It seems that software in the car has somewhat plateaud over the years and we're now way past due for the kind of transformation everyone's been waiting for. Over the next few years, end users are sure to see the kind of key changes in the UI that we've heard of on this site lately, but until then I wonder if carmakers aren't falling behind manufacturers in other industries by taking their time in this transition.
The downloadable UI would prove popular with many drivers, but the security challenges are enormous. We've had connected computers for about 20 years now, and yet the problem of malware infection shows no signs of going away.
Okay, however in that case, I'm not sure how quiet the car would be.
An efficient car needs something on the order of 12-14 HP to travel at a steady 50 mph. When a car is running at 50 mph, the engine is hardly quiet. Of course, as long as a hybrid is running on battery juice alone, it's quiet, but when you're powering home HVAC, kitchen, lights, and appliances, you're not going to benefit from any regenerative braking. So the engine in that Prius will be running at least some of the time, when the load is substantial.

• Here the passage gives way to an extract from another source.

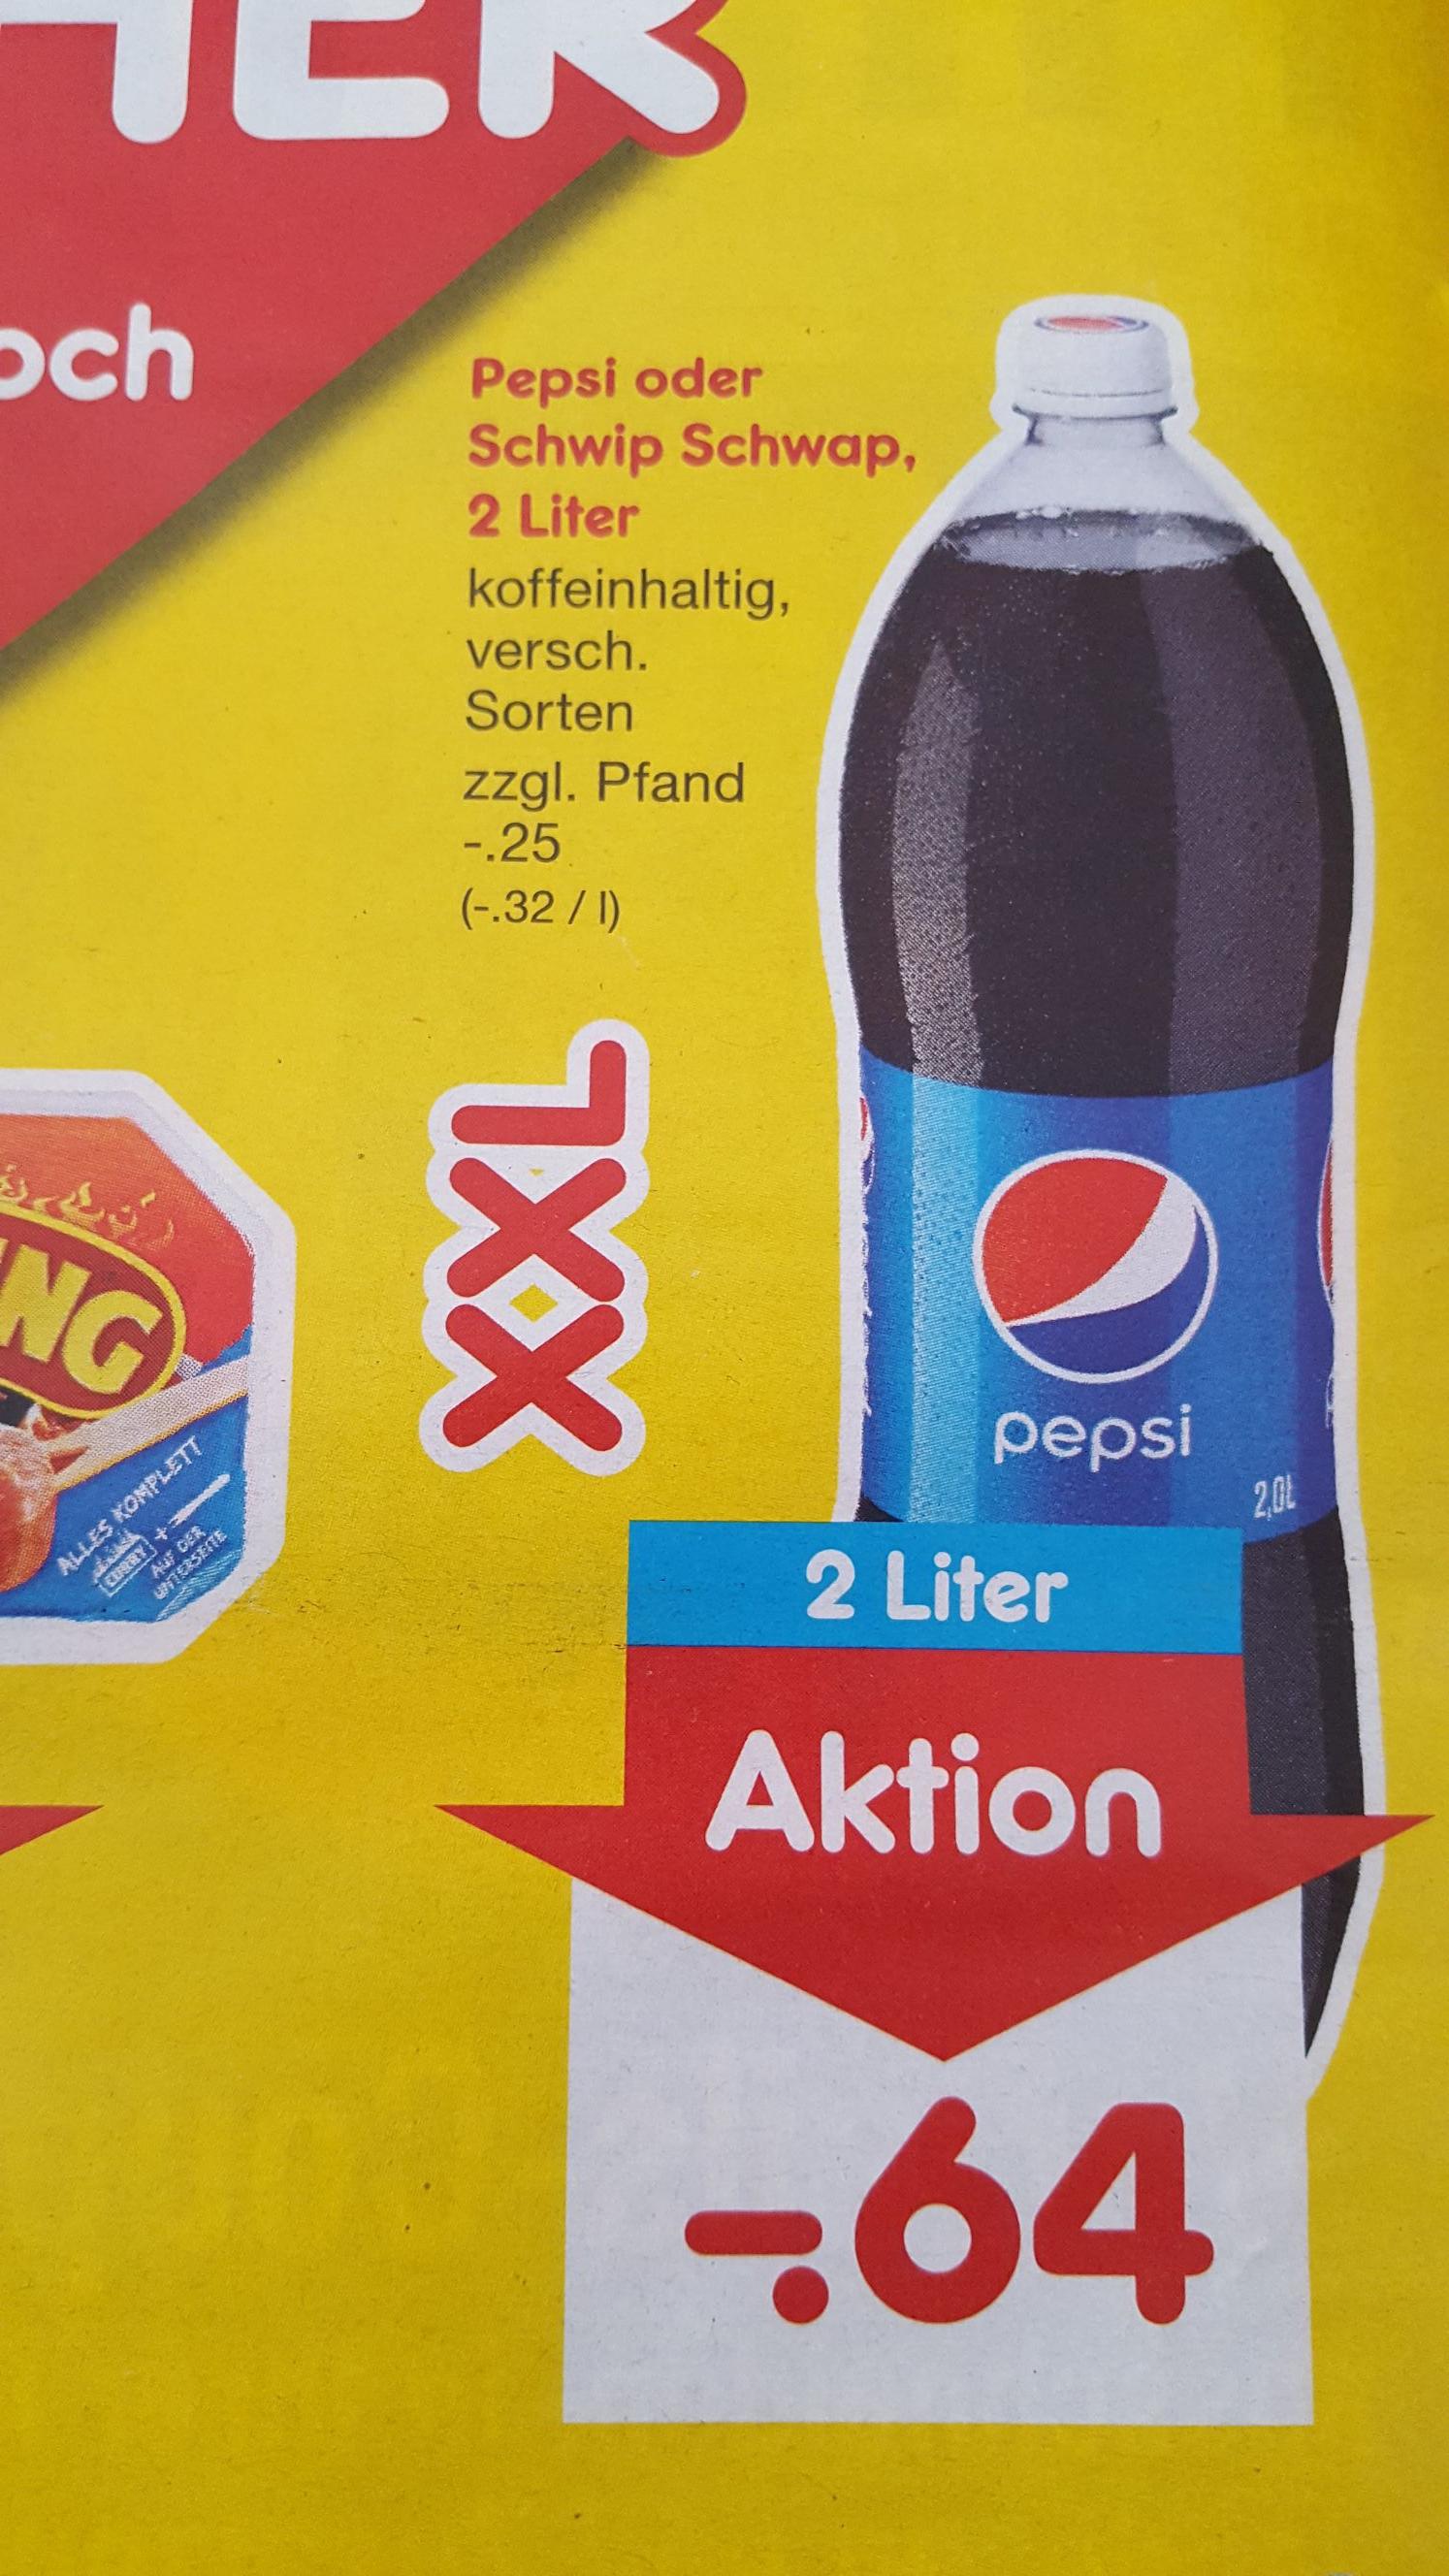 [Netto] Pepsi und Schwip Schwap 2L - nur am 07.07.18

So, 12 to 14 HP translates to 8.9 to 10.3 KW. A generator sized to run your house, without a lot of rewirirng to switch off heavy loads during a power outage, needs at least 7 KW. So we're in the same ballpark. I don't think you can assume the car will be idling out there in the driveway. Not much of the time anyway, especially if you live in an all-electric house, with heat pump, electric hot water heating, and running HVAC in summer or winter.

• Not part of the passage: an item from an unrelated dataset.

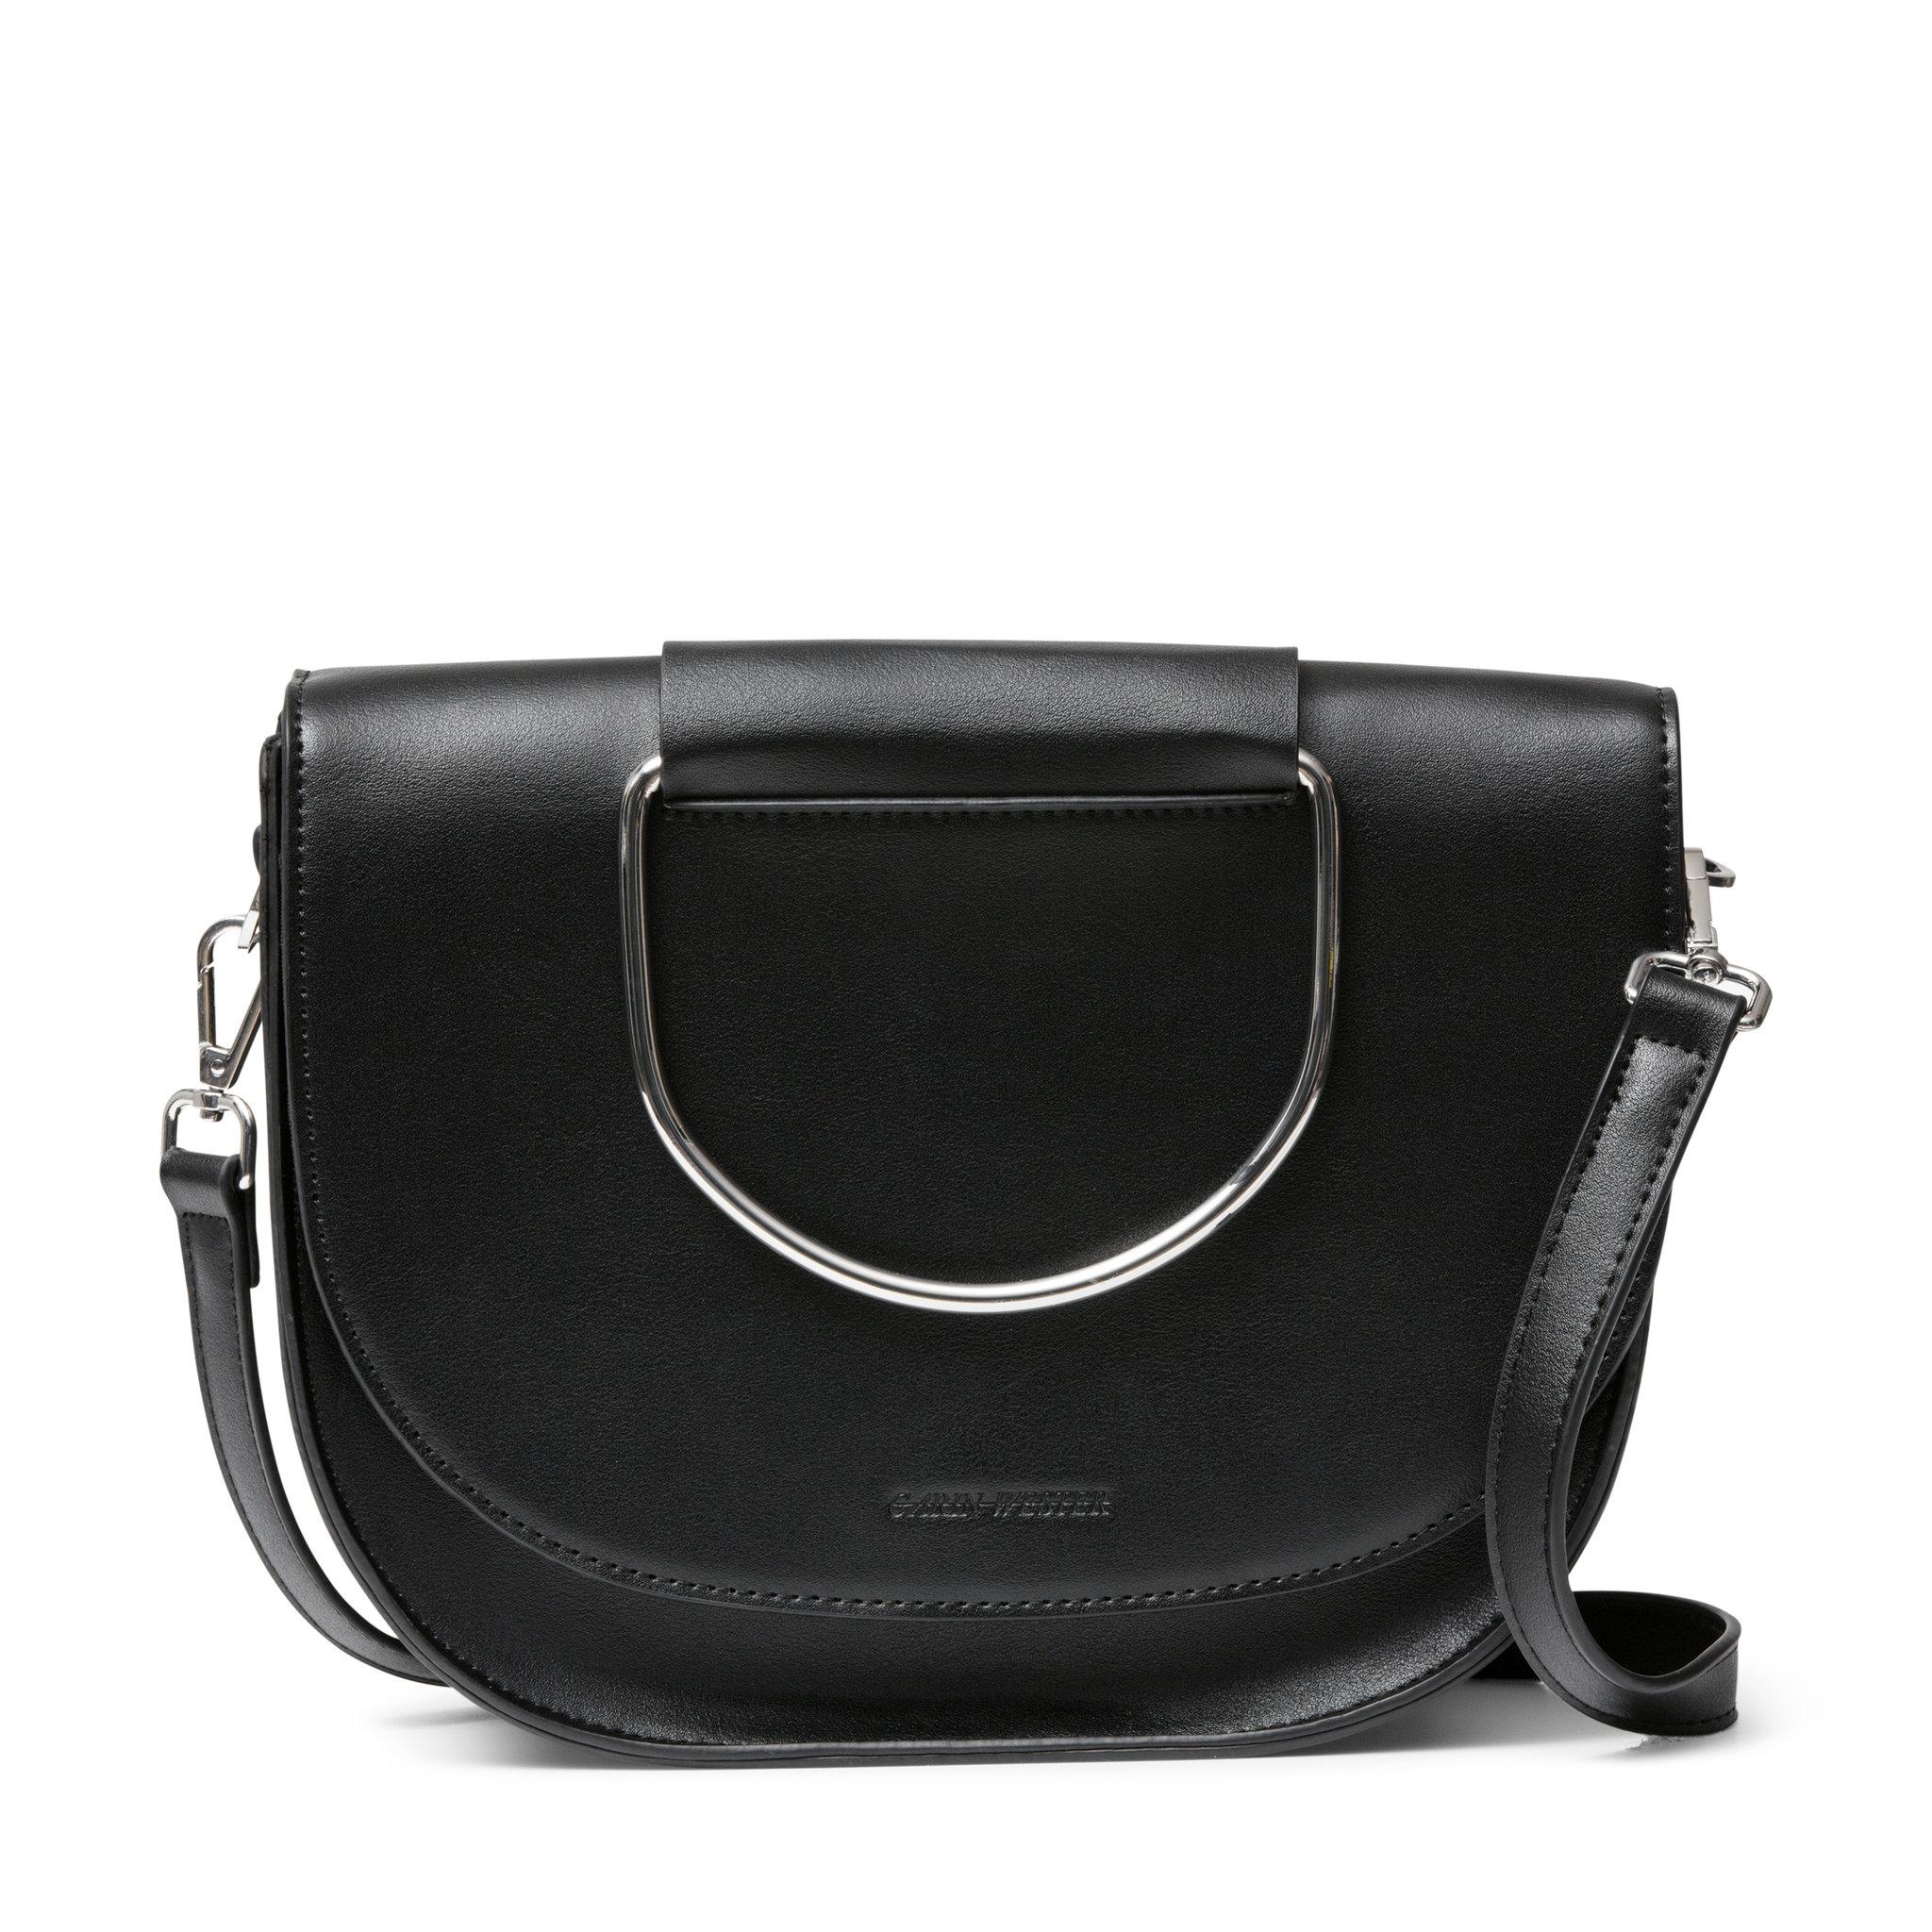 5835592edfdf Handväska Clary - Handväskor - Köp online på åhlens.se!

@sheetal, i know. It does sound idiosyncratic for anyone wanting a new car not based on performance but on dashboard.
And yet, when all things were equal, consumers -- young and old included -- do make choices, sometimes, based on what they care about most in their everyday life: your car's connectivity to smartphones or to the outside world, not to mention the size of a cup holder inside car...
@Prabhakar, I think you raise an intersting question here. If cars are being used just for commuting, whouldn't we be looking at car pooling (or mass transportation), rather than EVs?
You are absolutely right.
But I think some people still like "owning" things. And if they do want to own an EV, one of the key reasons stopping them from doing so is the range anxiety.
In fact, I think it's quite genius, on the part of BMW, to come up with this idea -- let people buy and "own" an EV, and when the EV's range becomes an issue, the carmaker will let you give you a loaner with combustion engine.